Something's not right. The Kevin O'Leary of Dragons' Den and Shark Tank TV fame is a fabulous tycoon. Shouldn't we be meeting in a palace or a yacht, the kind of place that lets the world know you've hit money-making's major leagues?
His rental unit is by no means shabby. It's a sprawling apartment that looks across Toronto's high-end Yorkville district, and though it sits above a shop, the shop is Pusateri's Fine Foods, the perfect takeout place for the plutocrat on the go. Not bad for a guy whose hard-drinking Irish salesman father died young, whose Lebanese-born seamstress mother found peace only when she married an Egyptian academic who aspired to help the global poor.
But this definitely isn't the gilded Bridle Path château that would suit his TV swagger.
“Excuse the mess,” he says as we walk past squash racquets leaning against a bare wall. There isn't much of a mess.
He's got a few treasures on display. There's a personally autographed Gibson Les Paul, the pride of a vast guitar collection; an ancient mosaic from Antioch, not far from the island of Cyprus where he spent happy years while his stepfather worked for the International Labour Organization; a vintage Leica M3 – Mr. O'Leary once aspired to be a fashion photographer; and a Chagall work titled Greed, though the debauched figure in the etching looks nothing like its robust, squash-playing owner.

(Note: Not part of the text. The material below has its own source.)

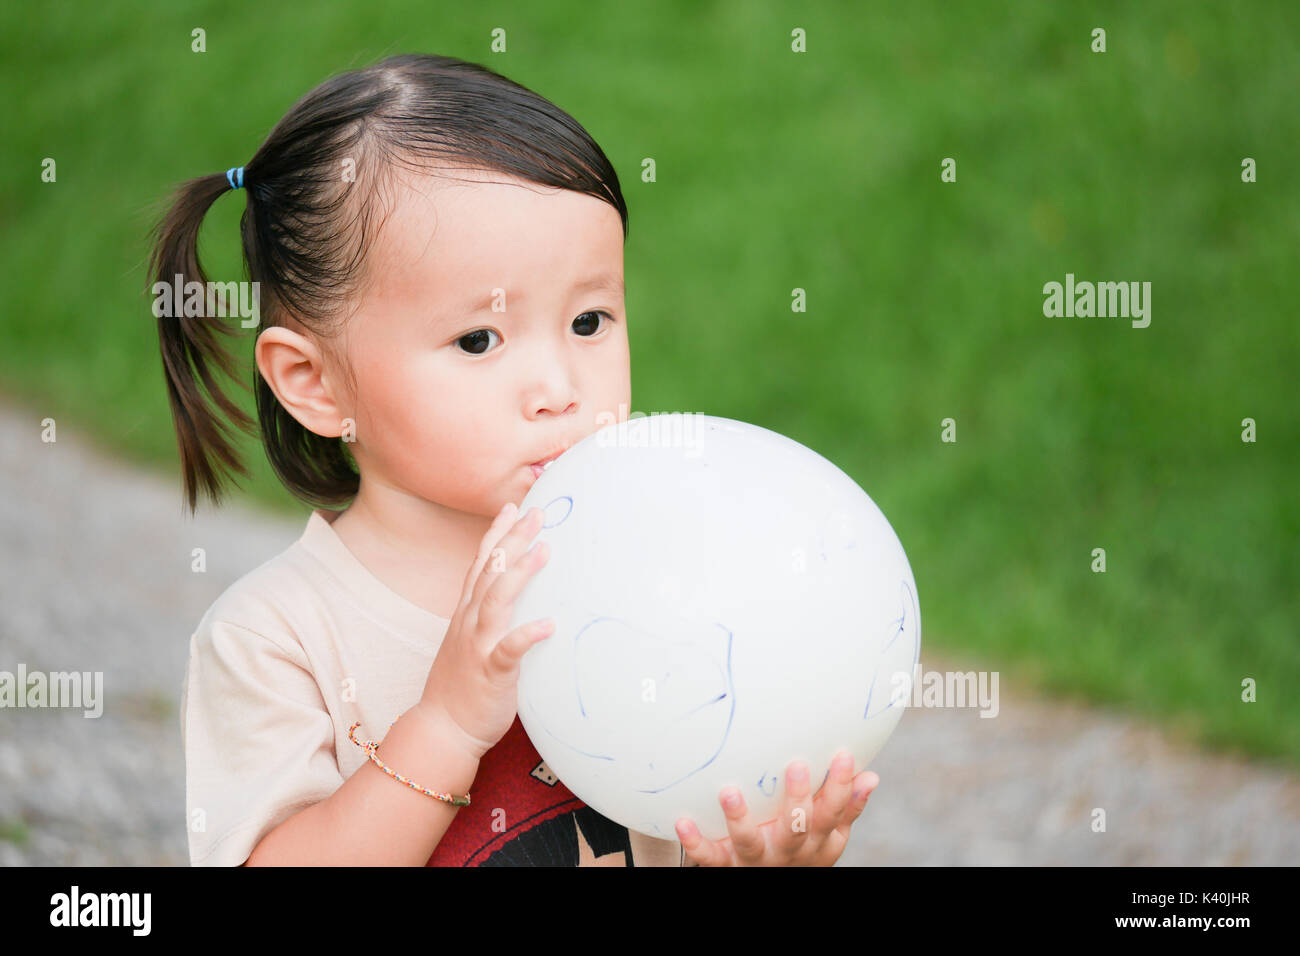 Blowing Up Balloon:Close up portrait of little girl blowing up a balloon in the green garden Stock Photo

The rest of the sparse flat looks almost unoccupied. Kevin O'Leary is selling a dream to his business-show followers and to the investors who have handed over their money to O'Leary Funds, a venture that has leveraged his fame and grown from zero to $1.5-billion in 30 months. But something is missing at the core of his legendary life.
The entrepreneur who revels in being “the mean one” on Dragons' Den, who delights in being called “asshole” by strangers, is trying out his Don Cherry imitation. He's promoting his new memoir, Cold Hard Truth, which means sending an I-know-best message to budding capitalists.
“Money equals freedom,” he declares while chewing on gummi bears. “Have one if you'd like,” he says.
When not on-message, he is surprisingly subdued, nothing like the ranter on CBC's The Lang & O'Leary Exchange who excoriates everything polite and Canadian.
“You may lose your wife, you may lose your dog, your mother may hate you,” he says, returning to his money-centred sales pitch. He likes to say he combines his father's confident Irish patter with the Phoenician trader mentality from his mother's side. And then he adds wisdom gleaned from his own success story. “None of those things matter. What matters is that you achieve success and become free. Then you can do whatever you like.”
Kevin O'Leary does exactly what he likes. That's the image anyway. But the man who's enunciating this mantra is more conflicted than you would guess from the bravado. His promise has come true. He lost Linda, his wife of 21 years. Or she lost him.
Marriages are often collateral damage in the relentless drive to get rich. But there's no mention of the breakup in Cold Hard Truth.
“When I wrote the book, I was married,” he offers. We've been chatting for almost an hour before word of his separation slips out. He has talked about the storage business he built up, about how miserable he was when he was paid $5-million not to work in a non-compete after he sold an educational-software business called The Learning Company to Mattel for $3.5-billion in 1999. “I went to every beach around the world, I saw them all, I partied everywhere, I was bored out of my mind.”
He had made millions of dollars himself in the merger with Mattel, which took place just before the bottom fell out of the dot-com business. Ever since, he has enjoyed a reputation for having the magic touch.
“He's certainly one of the luckier guys on the Street,” says a Bay Street financier who is more reticent than Mr. O'Leary about taking potshots. “Everyone admires a guy who cashed out at the right time.”